Я недоверчиво помотал головой, пытаясь избавиться от зрительной галлюцинации, но это не помогло.
— Материальная трансформация, — со вздохом произнес Валентин Сергеевич. Он тоже подошел к окну и стоял рядом, держа в руке рюмку с коньяком. — Писал о таком, фантазировал, но никогда не думал, что сподоблюсь самолично наблюдать. Не верил в возможность подобных трансформаций: одно дело игры разума на бумаге, и совсем другое — законы природы.

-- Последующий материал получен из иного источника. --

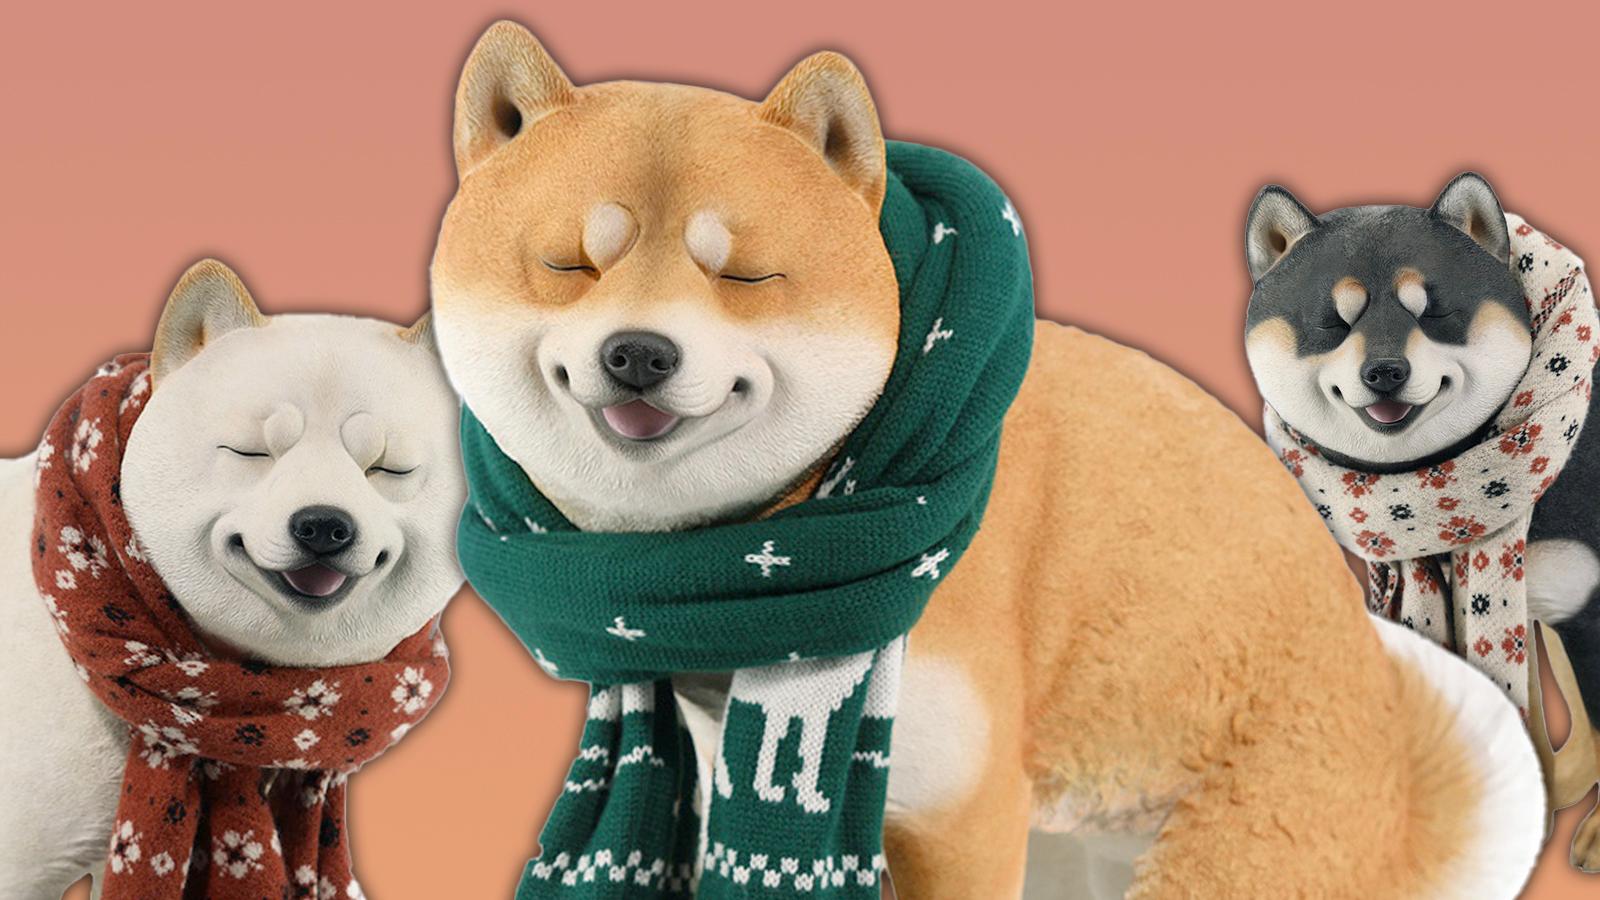 three statues of shiba inus smiling as they poop on a brown background

Он выпил коньяк, цокнул языком.
— Самое горькое для меня во всем происходящем, — доверительно сказал он, — это то, что моя писанина в этом мире никому не нужна. Знаете, когда мы позавчера разговаривали, я немножко бравировал. Да, жил на нищенские гонорары, да, экономил на всем, даже на хлебе… Но утешало понимание — меня читают. Кому-то интересно… И было еще одно — при встречах с читателями душу грело превосходство собственного интеллекта. Это, знаете ли, приятно… А! — Он махнул рукой. — А что теперь? Перед вашим приходом я вышел на лоджию и услышал разговор за перегородкой — соседи у меня: сантехник и дворничиха, муж и жена. О чем, как вы думаете, они говорили? Зачитывали вслух выдержки из учебника ядерной физики и, смеясь, комментировали некоторые положения. В частности, так называемый принцип Паули, согласно которому на одной орбитали могут находиться не более двух электронов. Так вот, оказывается, наши представления об электронных облаках в атоме чрезвычайно дремучи. На самом деле электроны не вращаются вокруг протонов, а образуют с ними диполи в четырехмерном пространстве, а так называемая орбиталь электрона является его электростатическим полем. А мы, живущие в трехмерном пространстве, наблюдаем их проекции в трехмерном мире, и поскольку в четырехмерном мире существуют парно-параллельные трехмерные пространства, где и находятся электроны, в то время как протоны находятся в четвертом измерении, то и возникает видимый эффект существования ядра с вращающимися вокруг него электронами. Смешно, не правда ли?
Я посмотрел на Валентина Сергеевича широко раскрытыми глазами. Смешно писателю не было, рот его кривился в горькой усмешке, губы подрагивали.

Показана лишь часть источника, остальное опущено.